Mobile operators are expected to devote more than $50 billion to big data and machine learning analytics through 2021, forecasts ABI Research.
The research firm said machine learning technologies will lead operators to profoundly change how they manage the telecoms business.
“Machine learning-based predictive analytics are applicable to all aspects of the telecoms business,” said Joe Hoffman, managing director and VP at ABI Research. “It is important that operators master and internalize these technologies and not rely solely on their vendors’ expertise.”

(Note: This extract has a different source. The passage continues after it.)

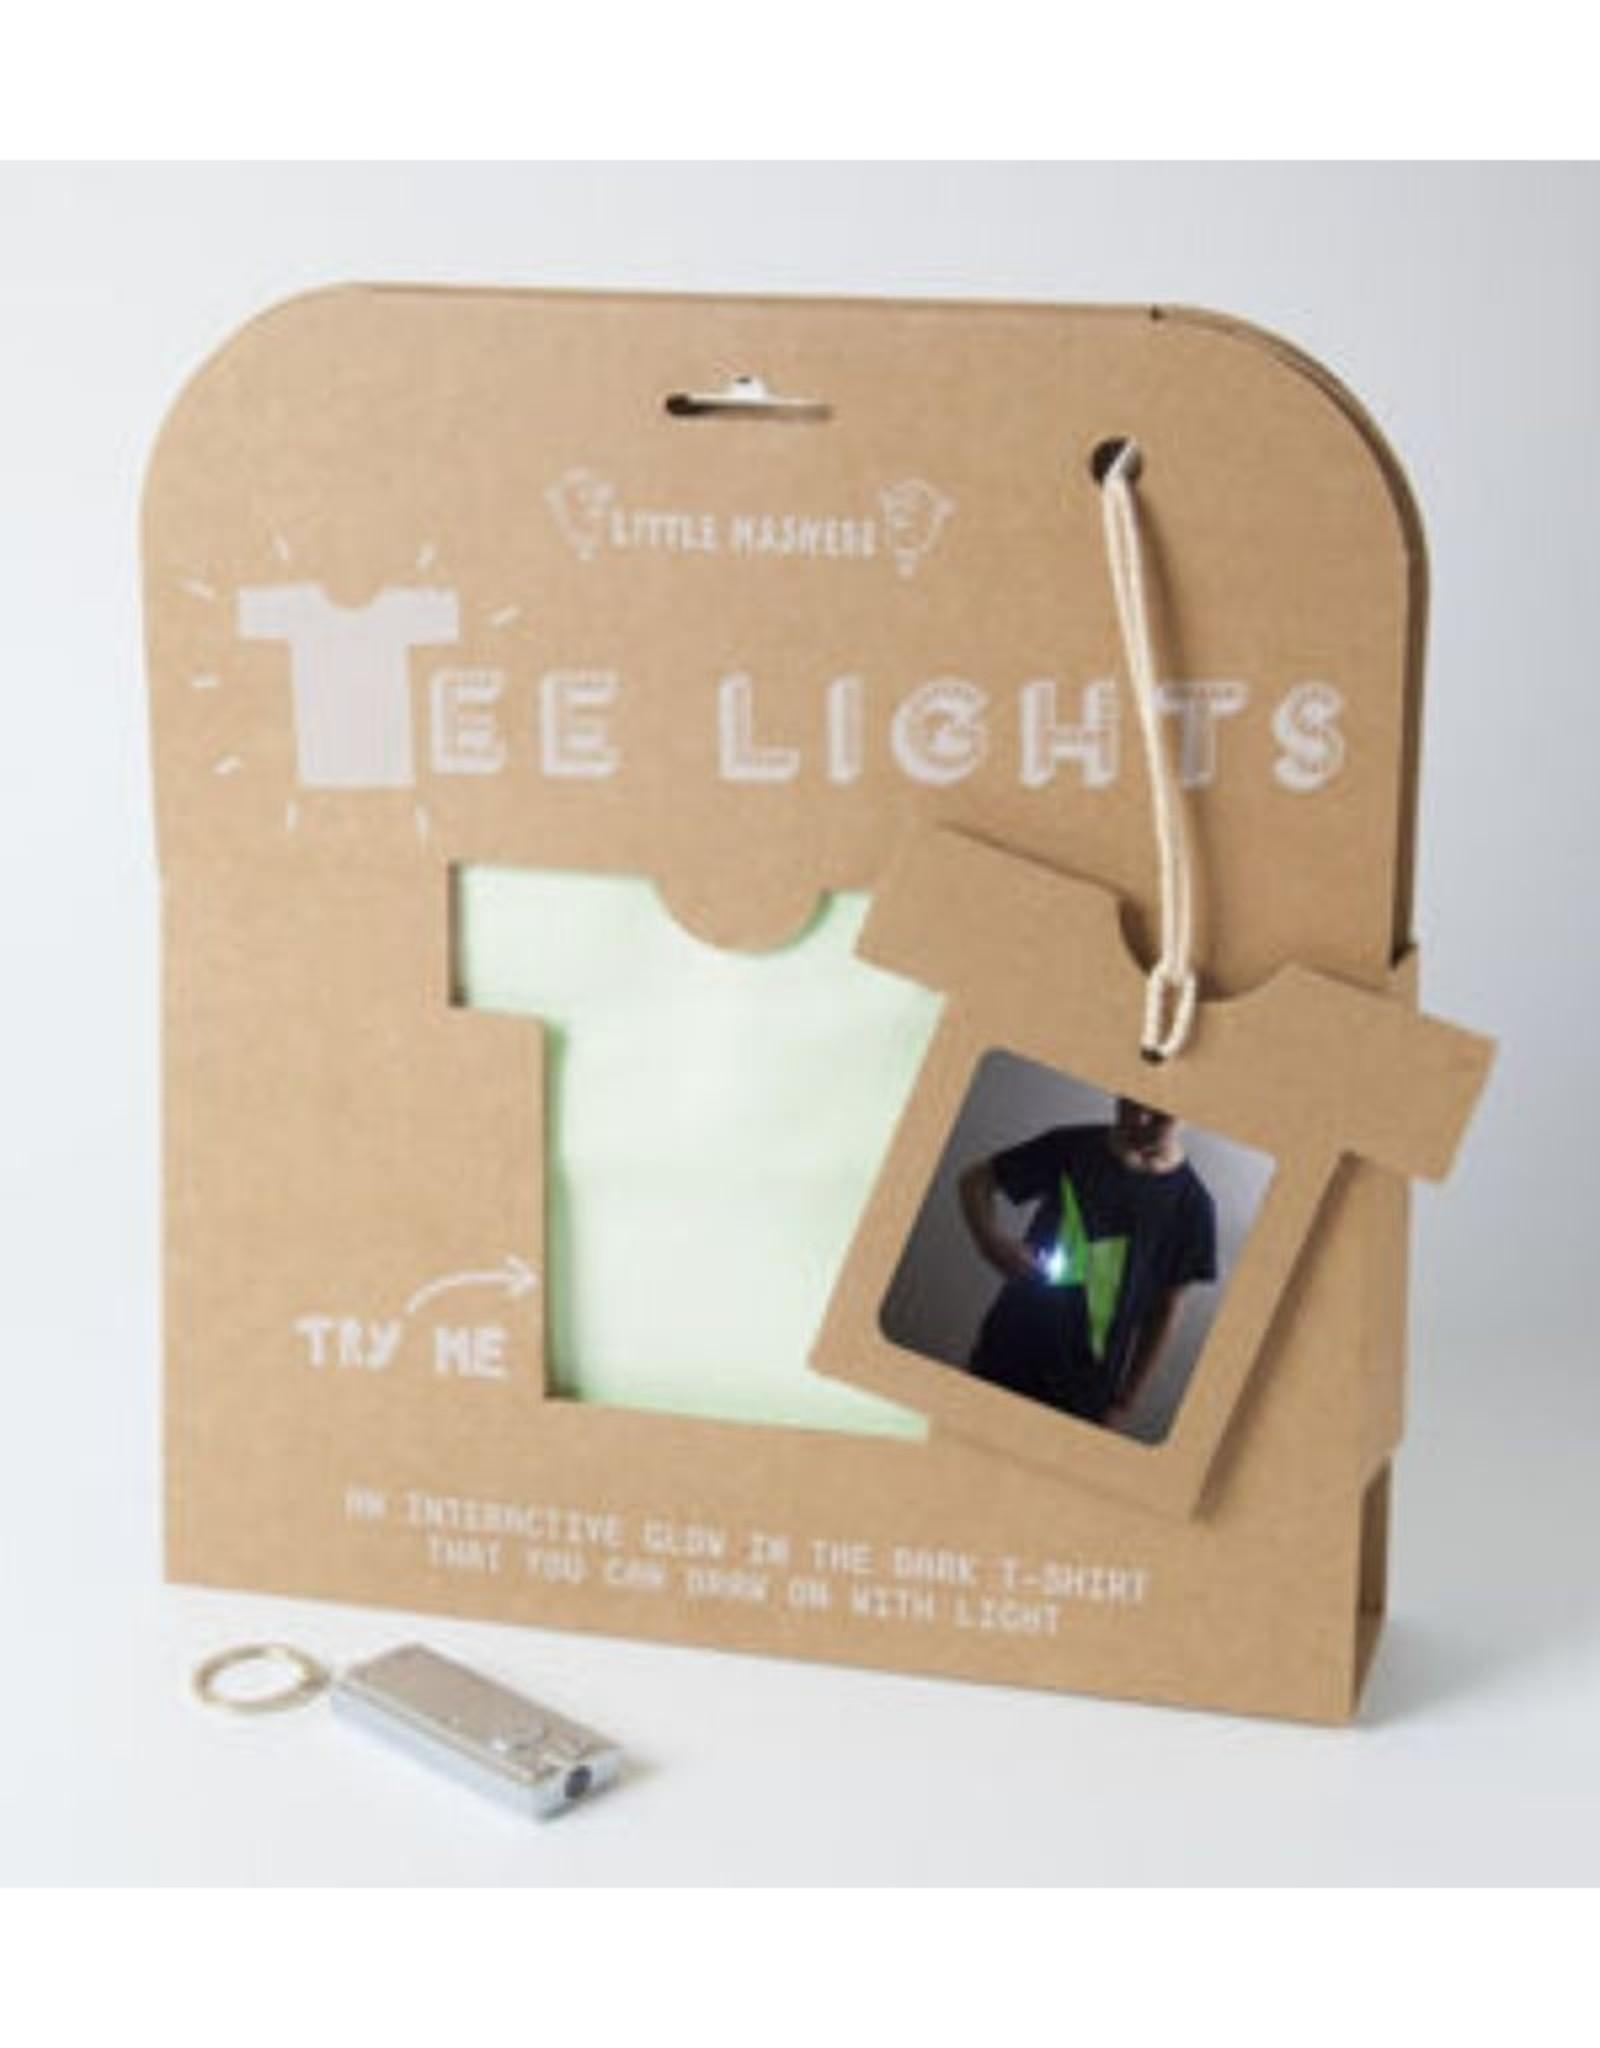 Little Mashers Tee Light Glow Up Lightning

Hoffman said machine learning can deliver benefits across operators’ operations with financially oriented applications, including fraud mitigation and revenue assurance, which currently make the most compelling cases. Legacy analytics are rule-based solutions that cannot keep pace with the criminal element, but machine learning excels at spotting trending anomalies.
He said predictive machine learning applications for network performance optimization and real-time management will introduce more automation and efficient resource utilization. Even sales, marketing, and customer experience teams will benefit as machine learning helps to innovate and reengineer business processes.

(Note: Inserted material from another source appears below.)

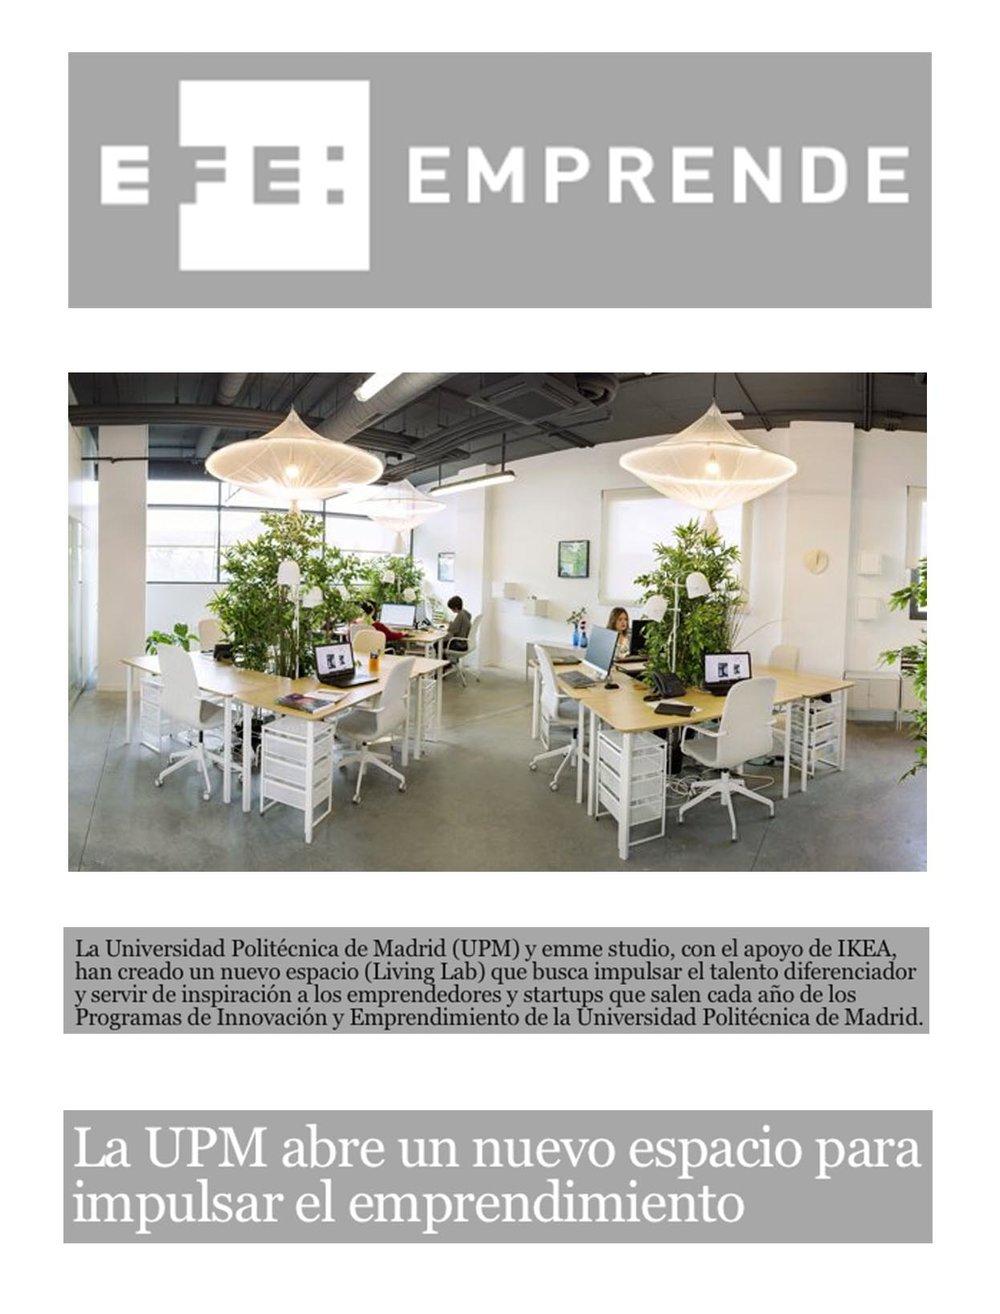 emmme studio efe emprende reformas diseño slow prensa living lab.jpg

Telecoms big data solutions include the commercial IT kit; the open source, Java-based Hadoop ecosystem, SQL/NoSQL data management, and orchestration platforms. Spending on this infrastructure will exceed $7 billion in 2021. But the biggest growth and most value comes from using predictive analytics to improve telecom business performance, with machine-learning-based predictive analytics to grow at nearly 50% CAGR and reach $12 billion through 2021.
Leading infrastructure vendors—Ericsson, Huawei, Nokia and ZTE—are delivering big data and machine learning solutions oriented toward network operations. Even Hadoop/NoSQL startups like Argyle Data, and chip vendors, led by Intel and Qualcomm, are delivering solutions pertinent to the telecom operator.
“With the rise of commercial cloud infrastructure and machine learning services, every mobile operator can be a big data company,” concludes Hoffman. “In just a few years, we will see the mobile networks of tomorrow manifest into giant, distributed supercomputers, with radios attached, continuously reengineered by machine learning.”